Andrabi, known as Kashmir’s “Iron Lady,” has been sentenced to life imprisonment under the Unlawful Activities Prevention Act (UAPA). The verdict marks a significant development in the separatist movement in Kashmir. The case has drawn considerable attention due to her prominent role in militant activities.
The sentencing of separatist leader Asiya Andrabi signals New Delhi’s hardening stance against Kashmiri resistance movements.
In a cramped courtroom in Delhi’s Patiala House, where lawyers clutch their black coats against the February chill, justice arrived with the weight of decades. Asiya Andrabi, the woman who once declared herself Kashmir’s iron lady, learned she would spend her life behind bars.
Outside the courthouse, the scene tells a larger story about modern India’s approach to dissent. Security barriers stretch like steel rivers around the colonial era building. Police vans idle with engines running, their occupants watching through tinted glass. This isn’t just about one woman’s fate. It’s about how a democracy handles those who challenge its very foundations.
Andrabi’s journey from firebrand activist to convicted terrorist mirrors Kashmir’s own transformation over the past three decades. She founded Dukhtaran-e-Millat in 1987, when hope for political solutions still flickered in the valley. Today, that organization lies banned. Its leader stands branded an enemy of the state under the Unlawful Activities Prevention Act.
Economic reality behind these convictions runs deeper than newspaper headlines suggest. Kashmir’s economy has shrunk by billions since the 2019 revocation of its special status. Tourism numbers paint a grim picture despite government claims of normalcy. Apple orchards, once symbols of the valley’s prosperity, now witness midnight raids and dawn curfews. The timing is striking.
For New Delhi, Andrabi represented something more dangerous than bombs or bullets. She embodied the idea that Kashmiri women could lead resistance movements. Her followers wore black burqas not just as religious statements but as political uniforms. The state couldn’t tolerate such symbolism in a region where perception often matters more than ground reality.
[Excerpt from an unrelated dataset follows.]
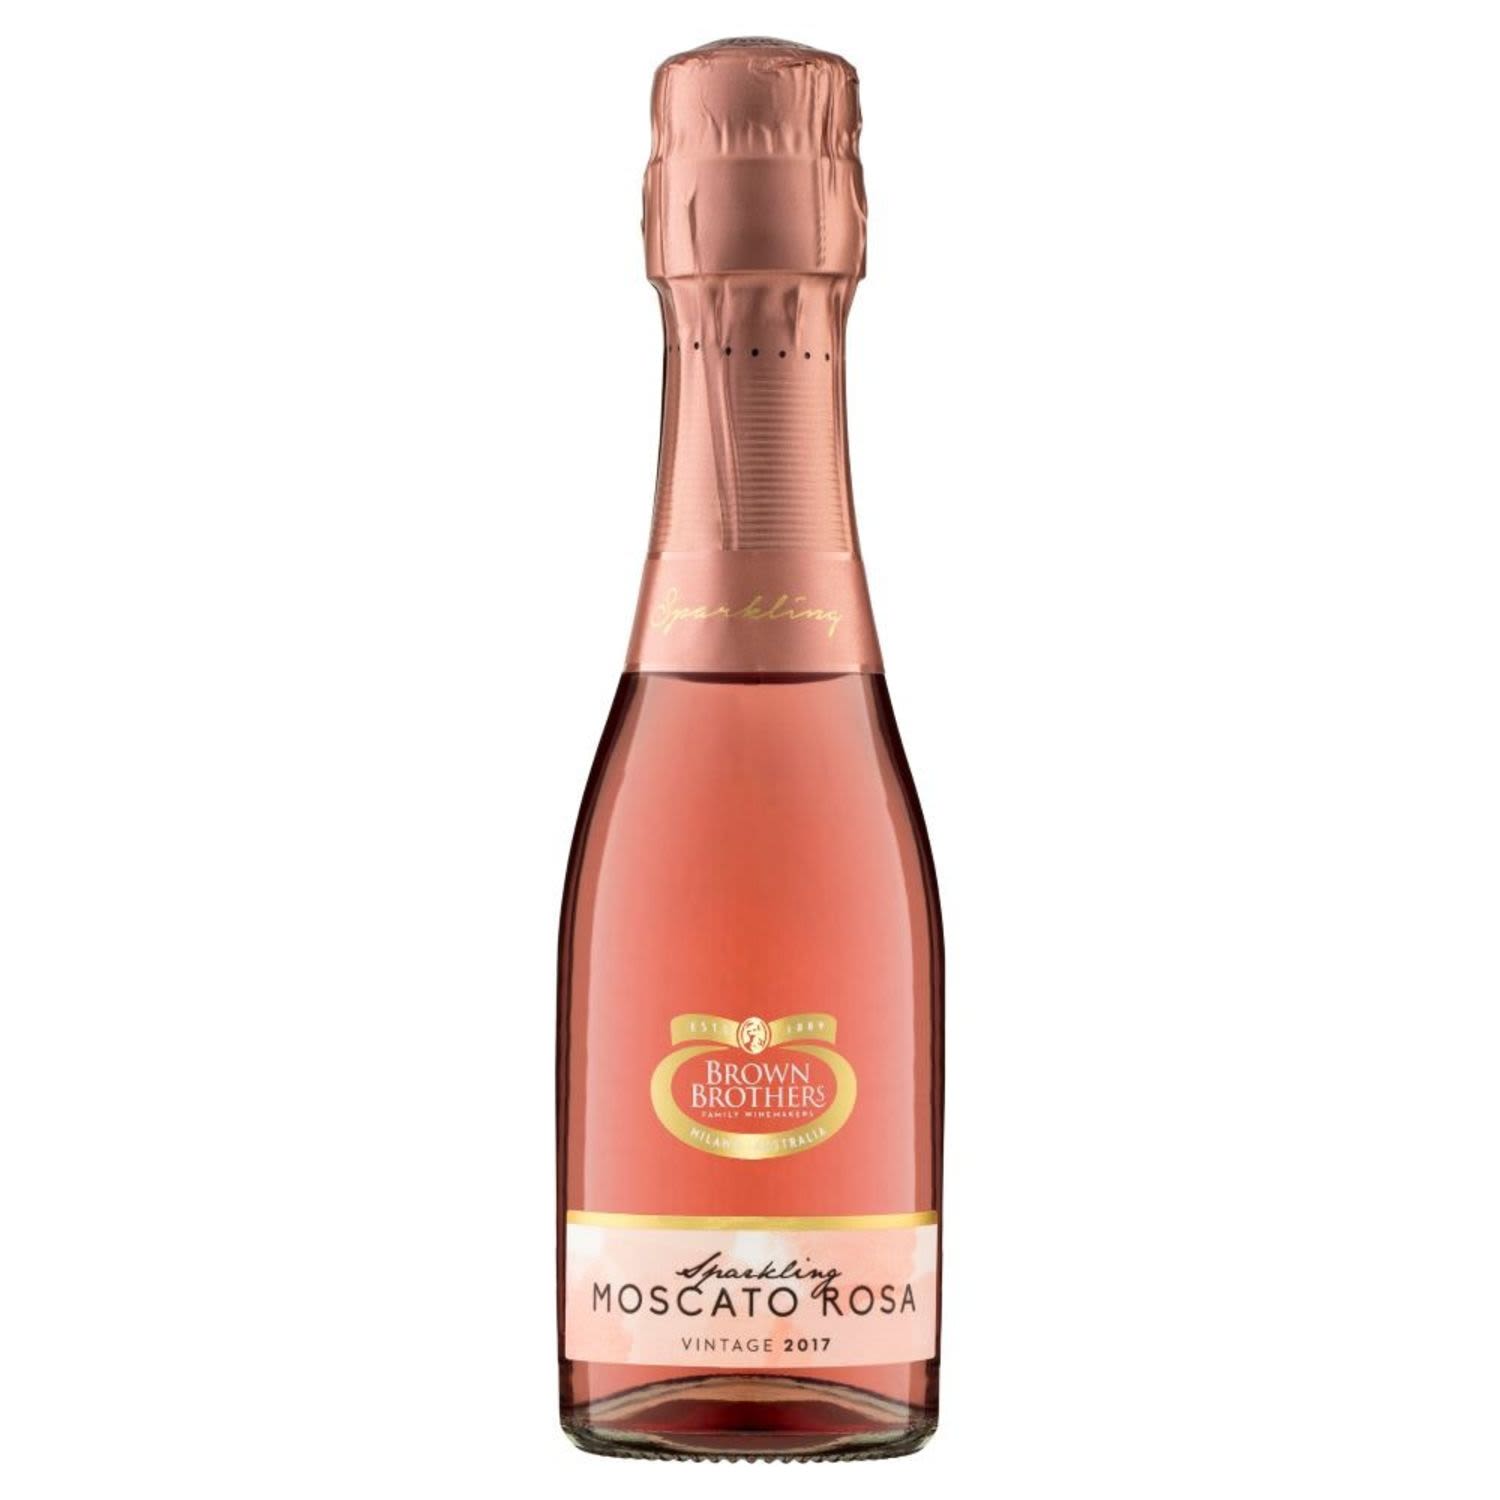 Delightfully aromatic with musk and red berry character finished with a delicate sparkle. Enjoy chilled.<br /> <br />Alcohol Volume: 7.00%<br /><br />Pack Format: Bottle<br /><br />Standard Drinks: 1.1</br /><br />Pack Type: Bottle<br /><br />Country of Origin: Australia<br /><br />Region: South Eastern Australia<br /><br />Vintage: Vintages Vary<br />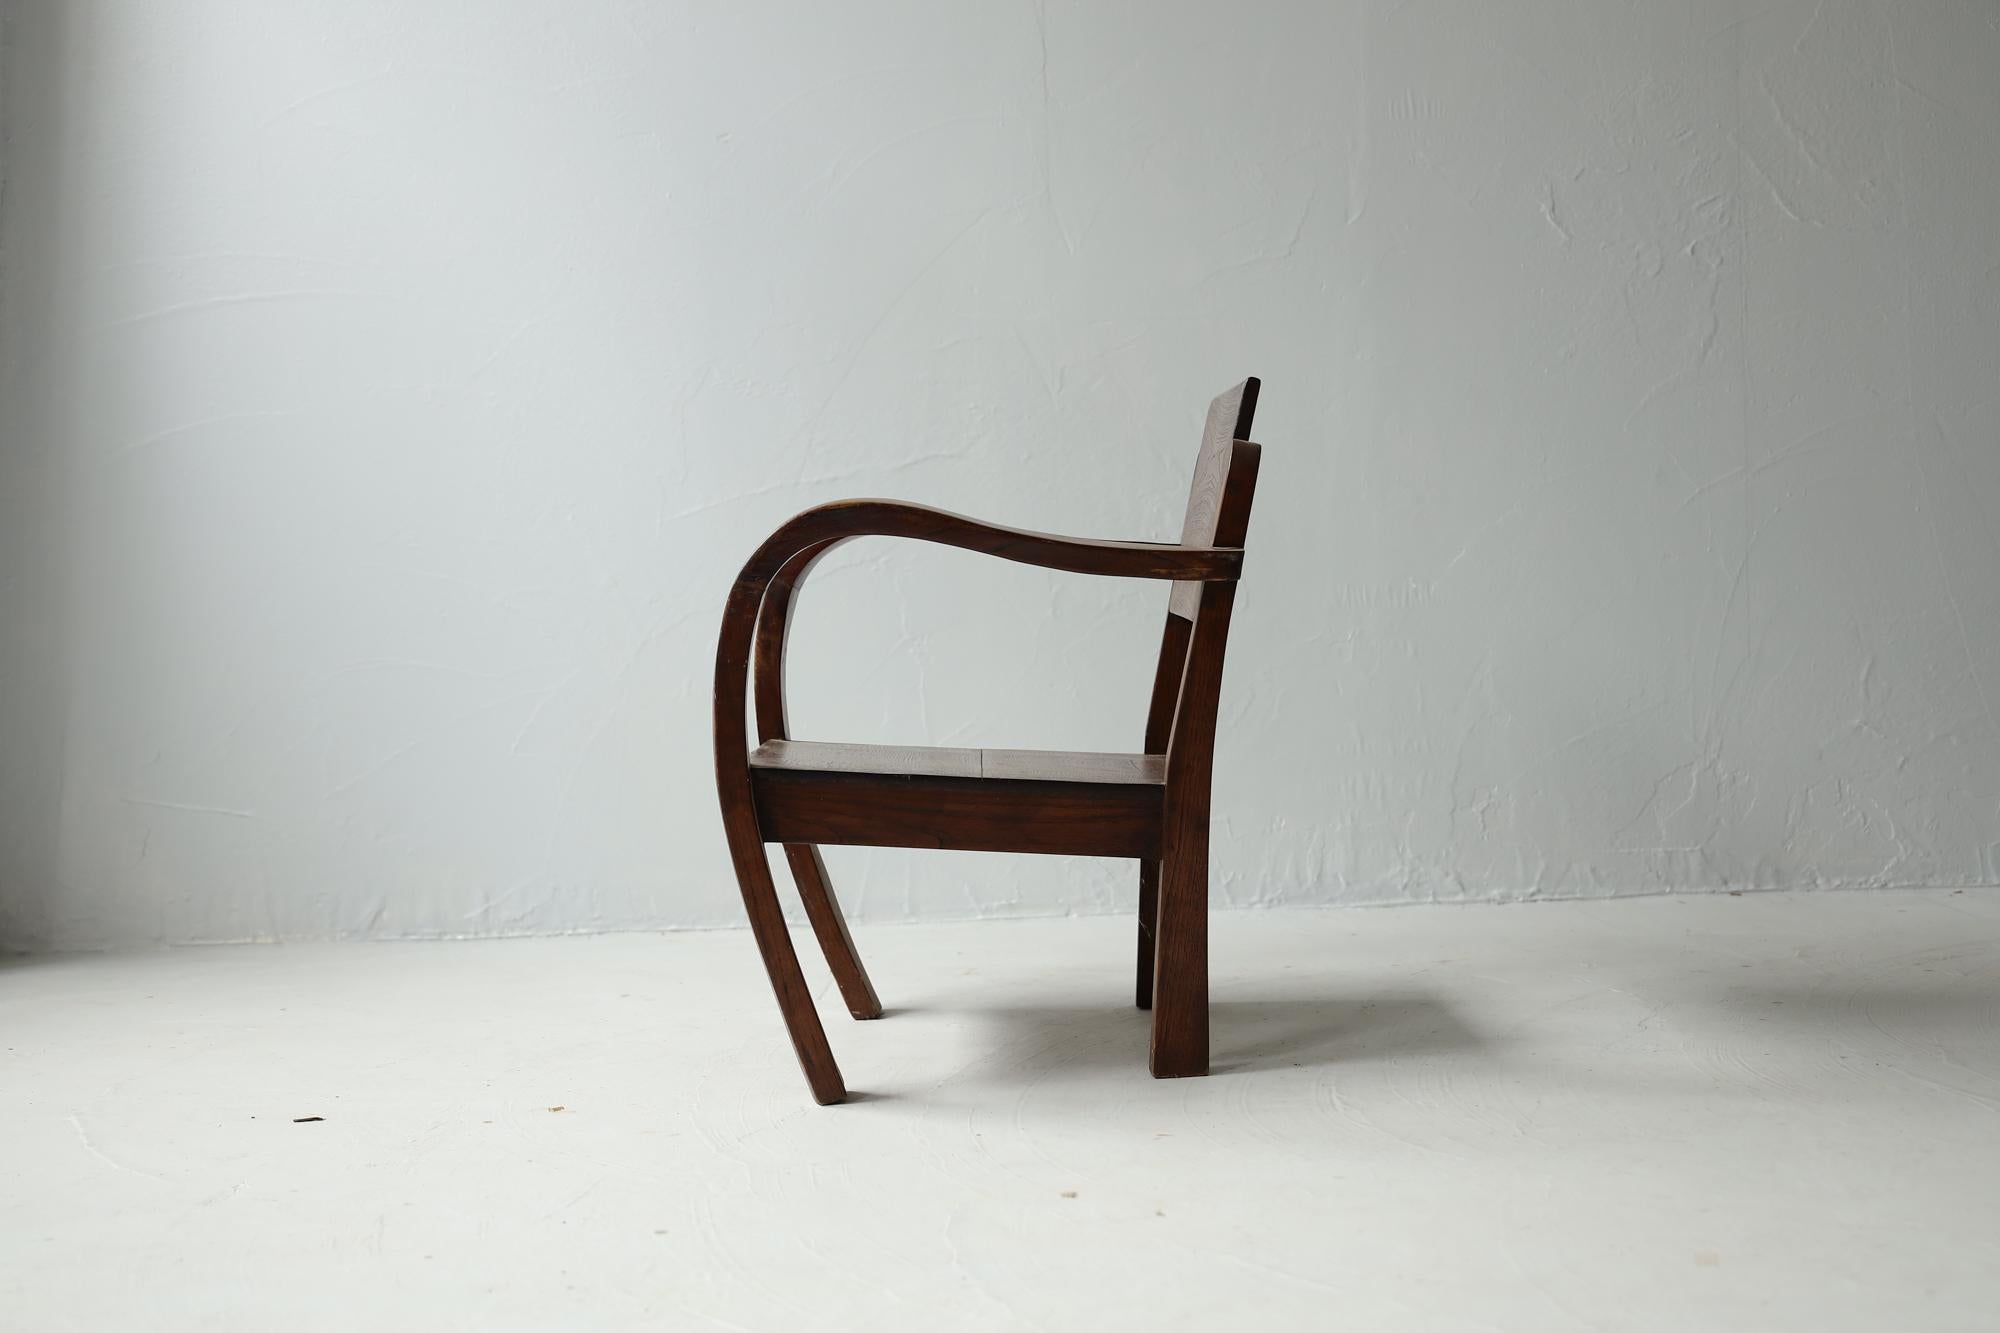 20th Century Japanese Antique Chair, Primitive Japanese Wooden Chair, Wabi-Sabi For Sale

By Monday evening, these sentences carried weight far beyond the courtroom. Just weeks after India assumed the G20 presidency, projecting itself as a rising global power, comes this reminder of unresolved internal conflicts. International observers note the contradiction. How does the world’s largest democracy reconcile such harsh sentences with its claims of inclusive governance?
Regional powers watch these developments with keen interest. Pakistan’s foreign ministry issued predictable condemnations within hours of the verdict. China, embroiled in its own border disputes with India, sees validation for its concerns about human rights in the region. The mathematics of geopolitics never sleep. Nobody is saying that publicly.
But Andrabi’s conviction also reflects a broader pattern across South Asia. From Bangladesh to Sri Lanka, governments increasingly use anti-terrorism laws to silence political opposition. The tools may differ. The outcome remains consistent. Dissent becomes terrorism, and courts become instruments of state policy.
Casualties from the three-decade conflict in Kashmir have already surpassed 70,000 lives by conservative estimates. That is a staggering figure. Today’s verdicts won’t end that bloodshed. They might actually fuel it. Young Kashmiris, watching their elders disappear into prison cells, often choose more violent paths than peaceful protest.
Still the real tragedy lies not in these sentences but in what they represent. A failure of political imagination. An admission that after 75 years of independence, India still hasn’t found ways to accommodate diverse voices within its constitutional framework. The math does not add up.
The harsh sentences against Andrabi and her associates demonstrate India’s increasingly uncompromising approach to Kashmiri separatism, potentially escalating tensions in the region. This case sets a precedent for how anti-terrorism laws can be used against political dissent, with implications far beyond Kashmir’s borders.
Heavy security surrounds the courthouse where Kashmiri separatist leader Asiya Andrabi received her life sentence.